GaussCtrl: Multi-View Consistent Text-Driven 3D Gaussian Splatting Editing

Jing Wu,Jia-Wang Bian,Xinghui Li,Guangrun Wang,Ian Reid,Philip Torr,Victor Adrian Prisacariu
2024-07-14
Abstract:We propose GaussCtrl, a text-driven method to edit a 3D scene reconstructed by the 3D Gaussian Splatting (3DGS). Our method first renders a collection of images by using the 3DGS and edits them by using a pre-trained 2D diffusion model (ControlNet) based on the input prompt, which is then used to optimise the 3D model. Our key contribution is multi-view consistent editing, which enables editing all images together instead of iteratively editing one image while updating the 3D model as in previous works. It leads to faster editing as well as higher visual quality. This is achieved by the two terms: (a) depth-conditioned editing that enforces geometric consistency across multi-view images by leveraging naturally consistent depth maps. (b) attention-based latent code alignment that unifies the appearance of edited images by conditioning their editing to several reference views through self and cross-view attention between images' latent representations.
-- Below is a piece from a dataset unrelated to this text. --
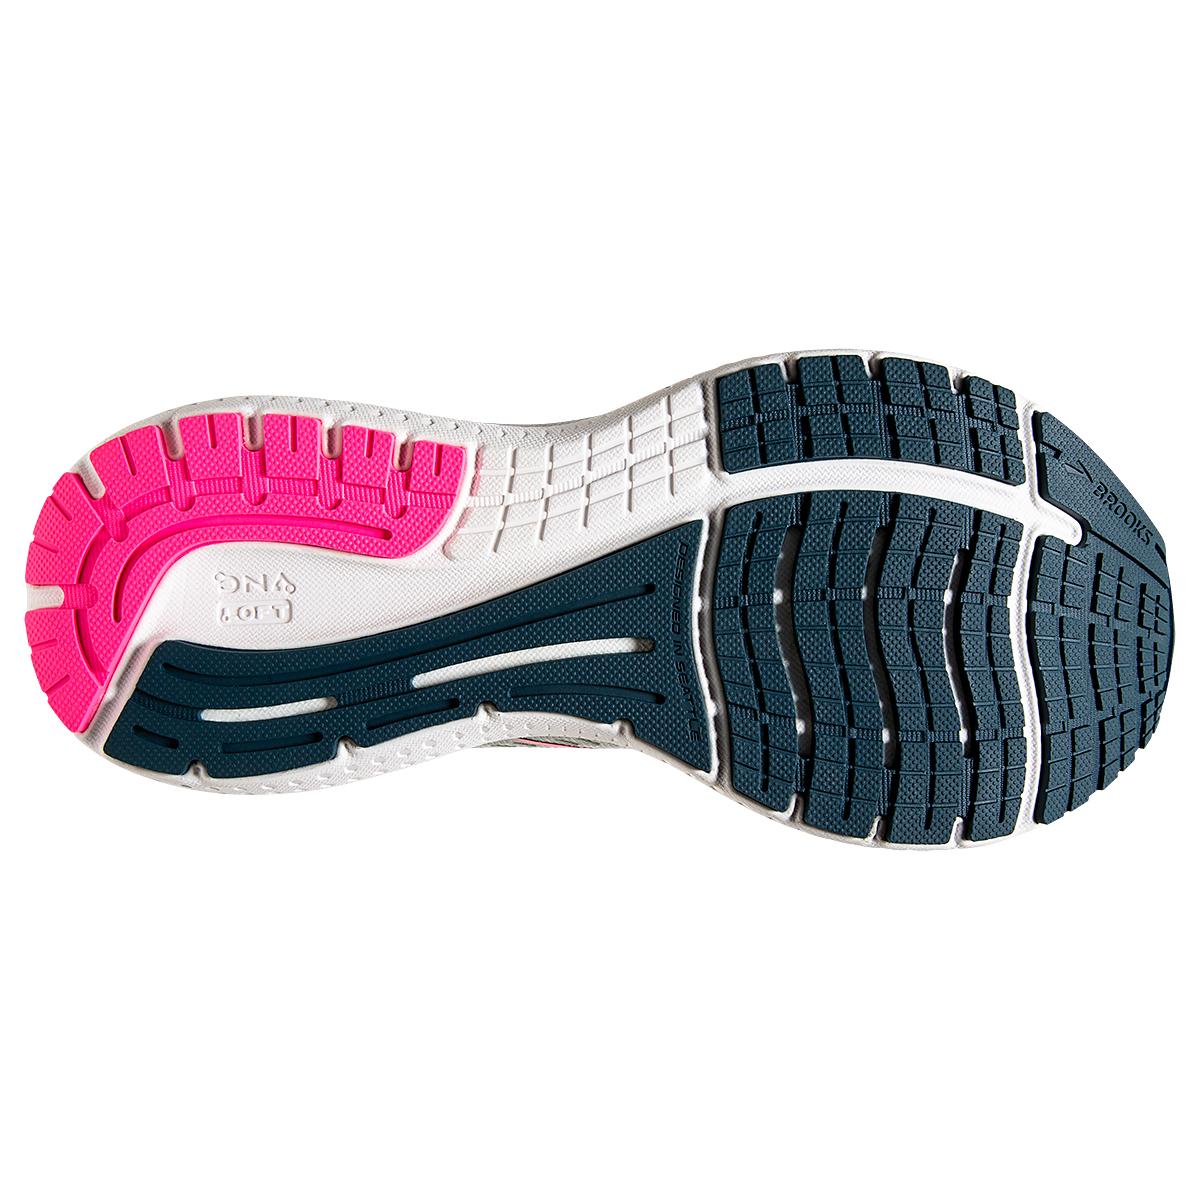 Women's Brooks Glycerin 19 Running Shoe - Color: Ice Flow/Navy - Size: 5 - Width: Regular, Ice Flow/Navy, large, image 3

Experiments demonstrate that our method achieves faster editing and better visual results than previous state-of-the-art methods.
Computer Vision and Pattern Recognition
What problem does this paper attempt to address?
The problem that this paper attempts to solve is the problem of maintaining multi - view consistency in 3D scene editing. Specifically, although existing methods such as Instruct NeRF2NeRF (IN2N) can edit 3D scenes through text instructions, it is difficult to ensure the image consistency under different views during the editing process, resulting in the final 3D editing results may have blurred or unreasonable geometric changes. These problems are mainly caused by the fact that modern 2D diffusion models cannot enforce geometric consistency across views when processing a single image. To overcome these challenges, the paper proposes GaussCtrl, a text - driven method for editing 3D scenes reconstructed by 3D Gaussian point clouds (3DGS). The main contributions of GaussCtrl lie in the introduction of a multi - view consistent editing framework under depth conditions and an attention - based latent code alignment module. These two innovations work together to enable the consistency of the 3D model to be maintained while editing all images, thus achieving faster editing speed and higher visual quality. The specific contributions of the paper can be summarized as follows: 1. Propose GaussCtrl to efficiently edit 3DGS scenes through text instructions. 2. Utilize depth guidance and an attention - based latent code alignment module to encourage multi - view consistent editing. 3. Experiments show that the proposed method achieves more realistic editing effects in various 3D editing scenarios and has higher visual quality than existing methods. The application of these techniques not only improves the quality of 3D scene editing, but also significantly reduces the processing time, providing new tools and methods for 3D content creation.